The captain of the Southwest Airlines flight that ran off a taxiway and got stuck in the mud at Long Island MacArthur Airport last year was cited for reckless operation of an aircraft, according to Federal Aviation Administration records.

An FAA investigation found that the captain and first officer exhibited “poor cockpit resource management” on the rainy morning of Dec. 27, 2012, when the Boeing 737 rolled off a taxiway onto a grassy infield and became stuck.

Both pilots were cited for failure to obtain permission from air traffic control before entering a taxiway, also a violation of FAA regulations, according to the report. Newsday obtained records about the investigation under the Freedom of Information Act.

The 131 passengers and five Baltimore-based crew members on Flight 4695, which was bound for Tampa, Fla., weren’t injured. They were escorted off the stuck plane by fire and rescue crews. The FAA started an investigation after the 6:15 a.m. incident.

Both men in the cockpit recorded zero on the breath test for alcohol, but a passenger told investigators that he thought one of them displayed “odd” behavior before the incident, including acting rushed and unprofessional, according to the investigation records.

An FAA inspector who interviewed the pilot found him calm and said he “did not seem to be acting out of the ordinary,” according to the report.

Pilots take safety program

Violation of FAA flight rules can result in suspension or revocation of a pilot’s license and fines. In this case, the agency sent pilot-in-charge Timothy A. Welsh, and second-in-command Donald L. McCarthy, both 49, formal letters of investigation and put them in a safety program. Neither pilot had any prior citations, according to the agency.

The FAA describes the program as a “safety partnership” between the agency and airlines.

“Safety issues are not resolved through punishment or discipline,” Southwest spokesman Brad Hawkins said of the program.

Hawkins said the airline has closed its internal investigation after cooperating with federal safety investigators.

Welsh did not return a call seeking comment. McCarthy could not be reached. The Southwest Airline Pilots’ Association did not respond to a request for comment.

Welsh declined to make a statement to a second FAA inspector who sought to interview him, according to FAA records.

McCarthy told an FAA official that he was busy looking at the center console while taxiing and didn’t look outside the window or at the captain before the plane left the taxiway. He said there was no gust of wind and visibility was not an issue.

John Goglia, an aviation consultant and former National Transportation Safety Board member, said failing to get clearance from air traffic control before entering a taxiway is a “serious” violation of safety regulations.

A gray area of control

But pilots and air traffic controllers disagree over who has control when a plane is in the area between the terminal gates known as the “alley,” he said.
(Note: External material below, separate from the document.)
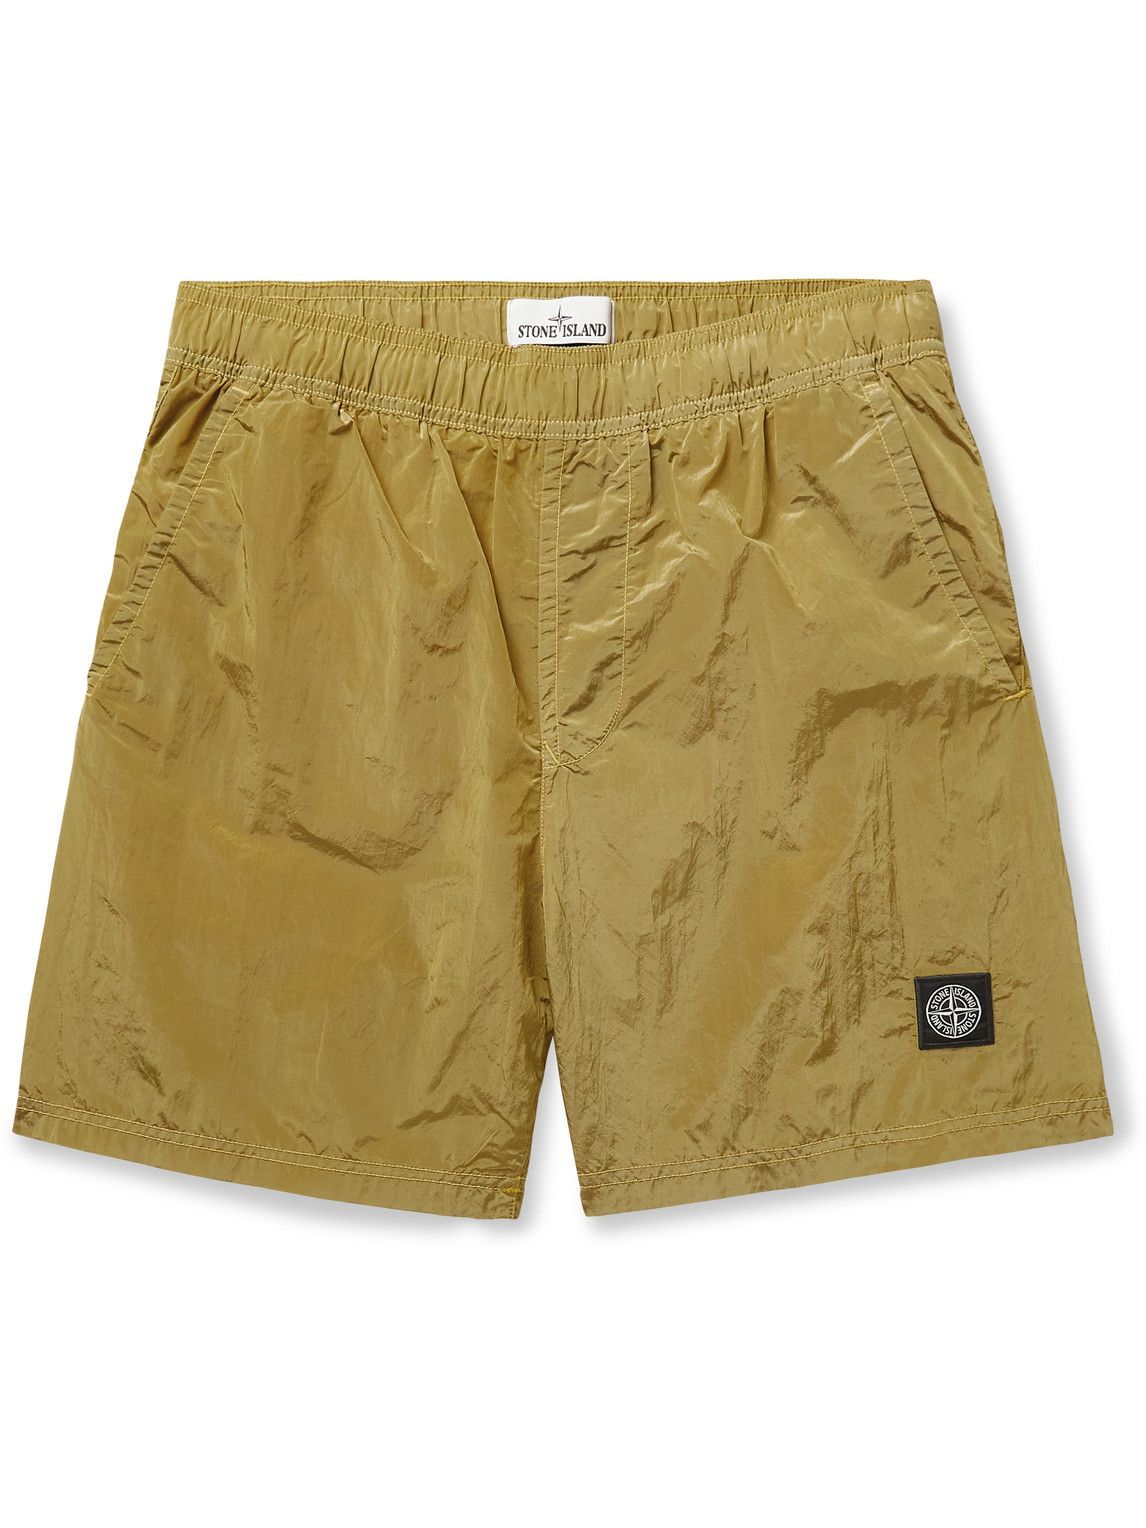 Stone Island - Mid-Length Logo-Appliquéd ECONYL Swim Shorts - Yellow ...

“It’s a problem that’s been brewing,” Goglia said. “The area in between the fingers of the terminal — most control towers have given up control of the alley all the way up to the taxiway. Normally, it doesn’t go to enforcement.”

The conflict with safe operations happens when “pilots push back thinking they’re in the alley, and they’re not,” Goglia said.

The pilots remained employed with the airline, Hawkins said.

Problems with Flight 4695, which was bound for Tampa weren’t just in the cockpit, FAA investigators found.

A flight attendant, Tamar I. Scott, didn’t have any government identification when investigators interviewed her, and when the FAA checked her name for FAA certification, they couldn’t find one, FAA records show.

Under federal law, a flight attendant for a commercial carrier must hold a certificate of “demonstrated proficiency” issued by the FAA administrator and produce it “within a reasonable period of time” after a federal agency requests to see it.

The FAA investigation documents indicate that Scott’s certificate status remains under investigation. Hawkins said he had no information about the status of her certificate. Scott did not respond to a request for comment. The Transport Workers Union Local 556, which represents flight attendants, did not respond to a request for comment.

After the plane was pulled from the mud, a Southwest maintenance crew certified the Boeing 737 as airworthy despite a cracked housing on the main landing gear. The crack should have triggered a second inspection of the aircraft, FAA investigators reported.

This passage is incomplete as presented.